We will start by creating a graph with four nodes and four edges. The
edges will have an edge attribute called data
that contains
numeric values.
# Create a node data frame
ndf <- create_node_df(n = 4)
# Create an edge data frame
edf <-
create_edge_df(
from = c(1, 2, 3, 4),
to = c(2, 3, 4, 1),
data = c(
8.6, 2.8, 6.3, 4.5)
)
# Create a new graph from
# the NDF and EDF
graph <-
create_graph(
nodes_df = ndf,
edges_df = edf
)
# Inspect the graph's EDF
graph %>% get_edge_df()
#> id from to rel data
#> 1 1 1 2 <NA> 8.6
#> 2 2 2 3 <NA> 2.8
#> 3 3 3 4 <NA> 6.3
#> 4 4 4 1 <NA> 4.5
The following example shows how to create selections of edges based
on a logical expression operating on a collection of numeric values in
the data
attribute.
# Select edges where the `data`
# attribute has a value
# greater than 5.0
graph <-
graph %>%
select_edges(
conditions = data > 5.0
)
# Get the graph's current selection
# of edges as a table
graph %>% get_edge_df_ws()
#> id from to rel data
#> 1 1 1 2 <NA> 8.6
#> 2 3 3 4 <NA> 6.3
Selecting the Last Node or Edge in an NDF or EDF
You can select the last node or edge from the graph’s internal node
data frame (NDF) or internal edge data frame (EDF), respectively.

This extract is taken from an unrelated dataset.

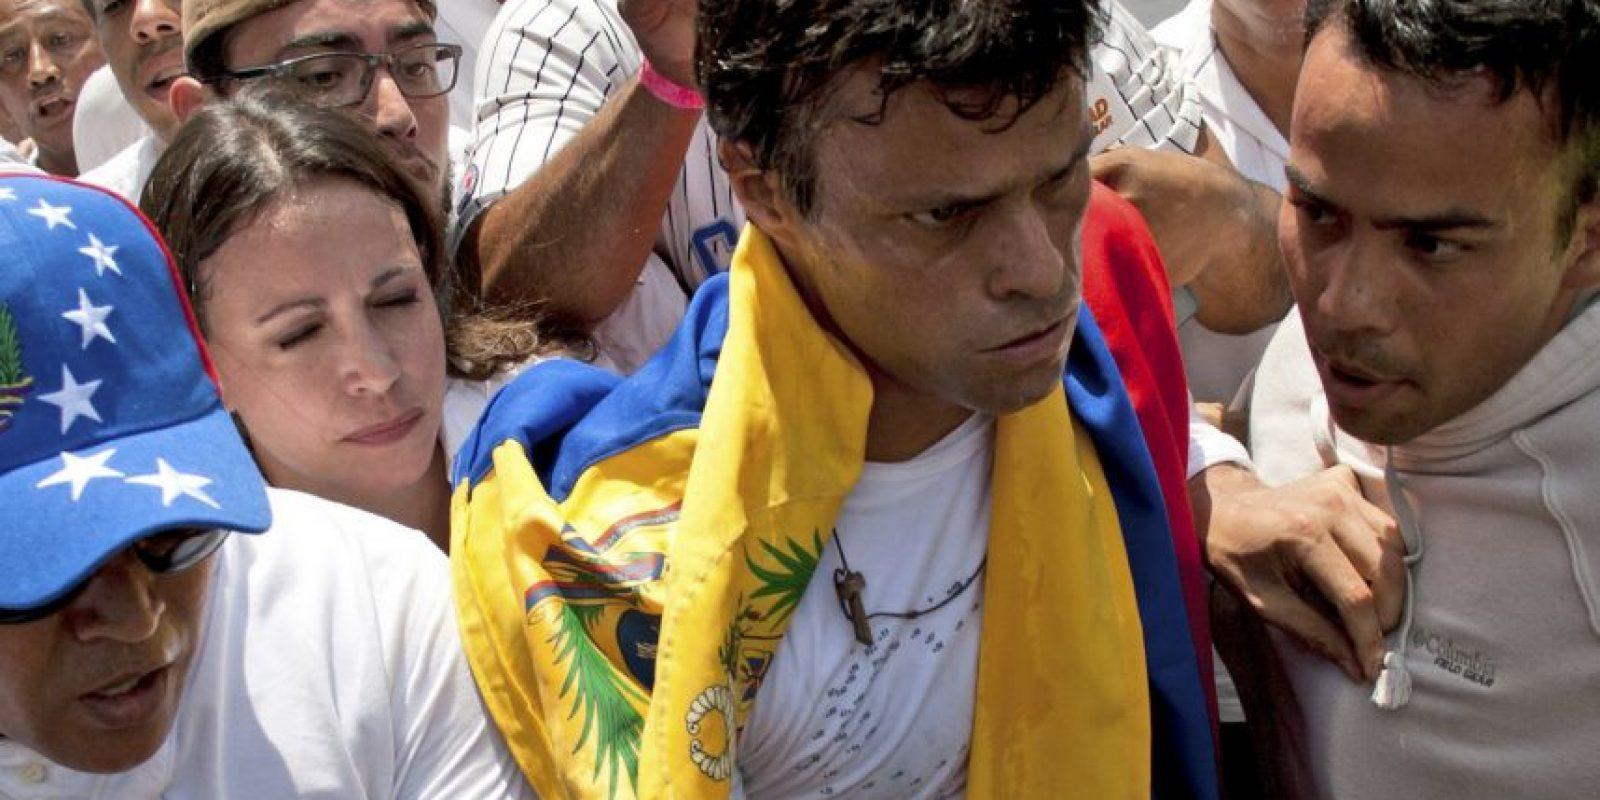 De acuerdo con la familia de López, esta no fue la primera vez que atentan contra ellos. Foto:AP

Usually, this will be the last node or edge created since new nodes or
edges are added to the bottom of the data frame and there is no
shuffling of these positions. Immediately after creating a single node
or edge, calling either the select_last_node()
or the
select_last_edge()
functions will result in a selection of
the last node or edge created.
For both functions, graph
is the only argument. If we
provide a graph object to select_last_nodes_created()
we
will get an active selection of nodes (the last nodes that were added to
the graph object). Likewise, the
select_last_edges_created()
will create an active selection
of edges, whichever edges were last defined in a function call.
To begin, we’ll use the same graph as before but we’ll clear any
active selection using the clear_selection()
function. To
ensure that there is no active selection of nodes or edges, we can use
the get_selection()
function. A value of NA
means that there is neither a selection of nodes nor edges.
# Clear the graph's selection
graph <-
graph %>%
clear_selection()
# Check whether there is still
# a selection present
graph %>% get_selection()
#> [1] NA
If we use select_last_nodes_created
on this graph, we
find that the active selection of nodes contains all the nodes in the
graph, as they were all produced in the create_graph()
function (and no nodes were added in subsequent operations).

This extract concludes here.